Hannah Mahoney, University of Saskatchewan

Hannah Mahoney1, Briallen Lobb2, Andrew Doxey2, Linfa Wang3, Vikram Misra4, Arinjay Banerjee1,2,4,5,6 1Vaccine and Infectious Disease Organization (VIDO), University of Saskatchewan, Saskatoon, Canada, 2 2Department of Biology, University of Waterloo, Waterloo, Canada. 3Programme in Emerging Infectious Disease, Duke-NUS Medical School, Singapore. 4Department of Veterinary Microbiology, University of Saskatchewan, Saskatoon, Canada. 5Department of Laboratory Medicine and Pathobiology, University of Toronto, Toronto, Canada 6Department of Biochemistry and Molecular Biology, University of British Columbia, BC, Canada.

Suppressing & Conquering

Bats are recognized as reservoir hosts for a diversity of viruses, yet the mechanisms that enable viral persistence without overt disease remain incompletely understood, particularly for DNA viruses.
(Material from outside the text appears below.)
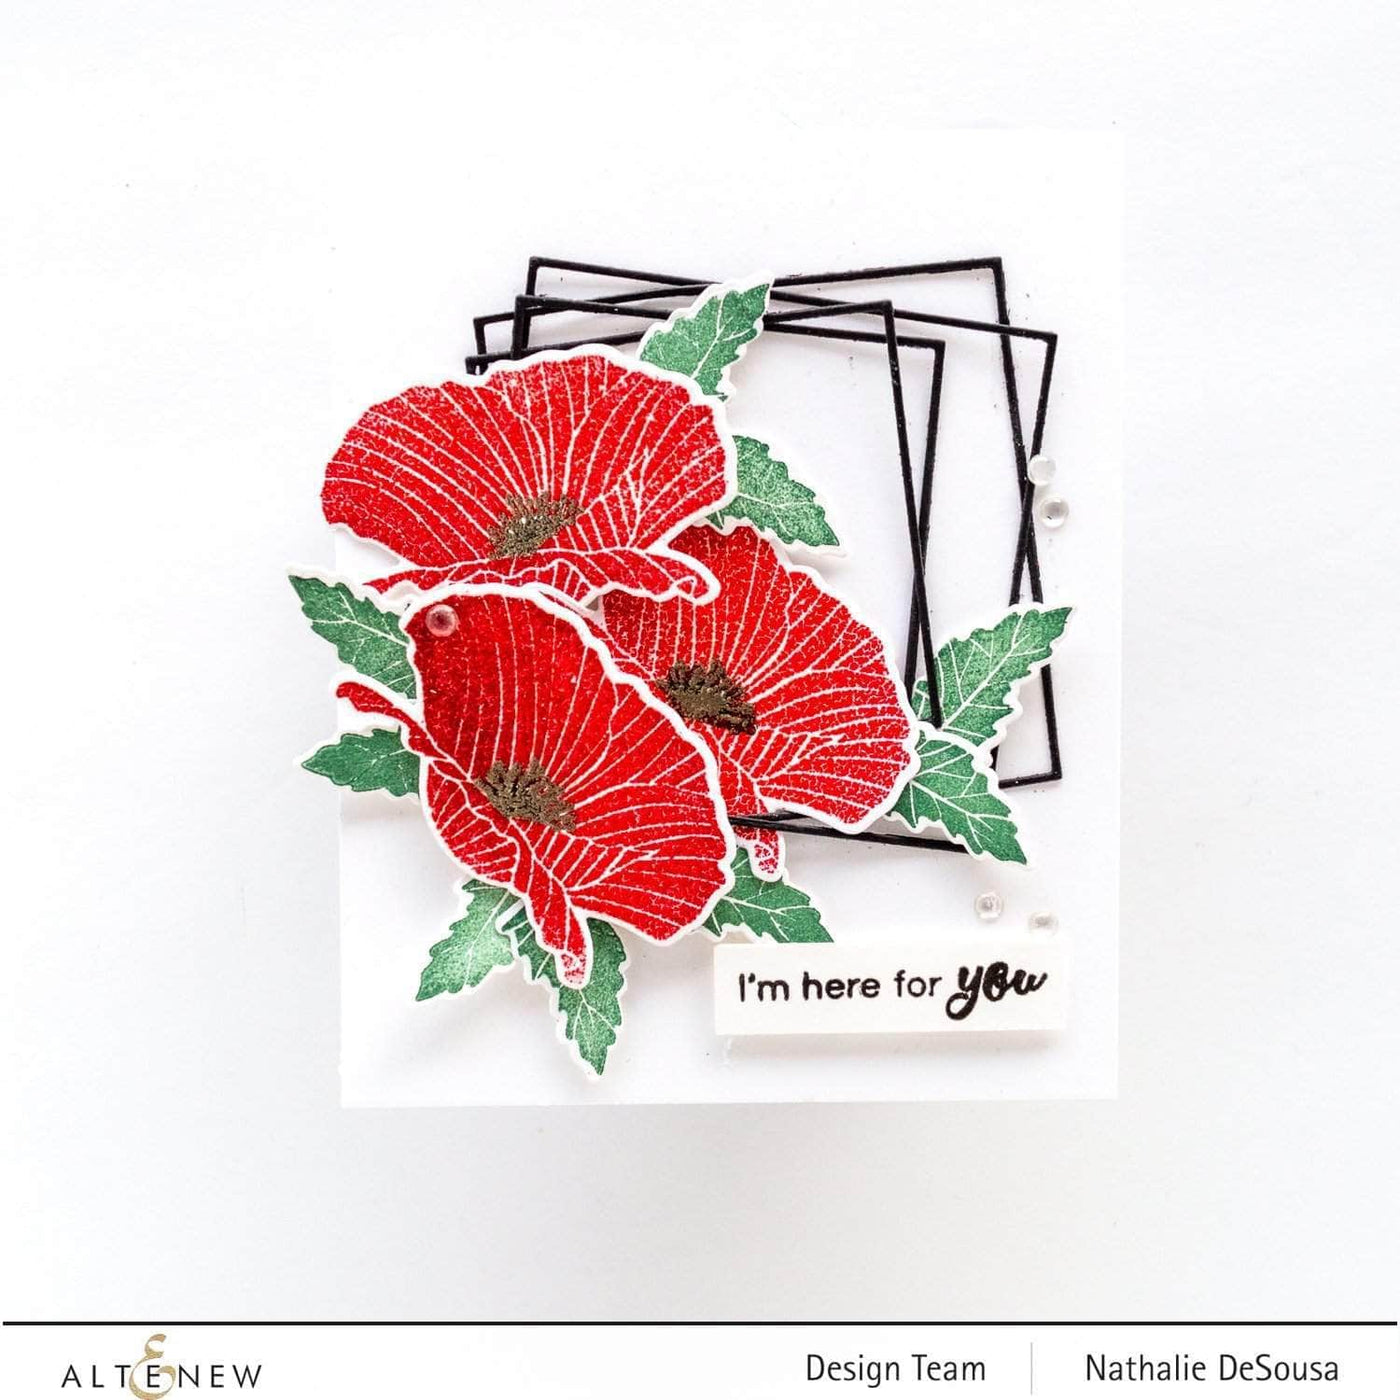 Mini Delight Mini Delight: Poppy Stamp & Die Set

Eptesipox virus is the single member of the Vespertilionpoxvirus family, a novel pox virus isolated from microcheroptan Epetsicus fuscus bats. Here, we investigate host–virus interaction using Eptesicus fuscus cells (Efk3b), Pteropus alecto cells (PaKiT03) and human cells (RPTEC, A549) upon infection with Eptesipox virus (EFPV) as a tractable model to study viral replication, innate immune control, and host tolerance. We broadly hypothesized that bats have evolved both canonical and non-canonical antiviral mechanisms to tolerate infection with bat-derived DNA viruses. Using a combination of replication kinetics, targeted gene expression analyses, and next-generation sequencing, we demonstrate that EFPV establishes a productive infection in both bat and human cells, but that viral replication is more stringently restricted in non-reservoir species. Polyinosinic–polycytidylic acid [poly(I:C)] stimulation prior to infection revealed a robust interferon-dependent antiviral response that limits viral replication in Efk3b and human cells, but not in PaKiT03 cells. Poly(I:C) treatment post-infection showed no significant effect on viral replication in any species. Together, these findings suggest that EFPV is highly adapted to its natural reservoir host, Eptesicus fuscus, but that there exists a zoonotic potential for infection in Pteropus alecto bats and potentially, humans.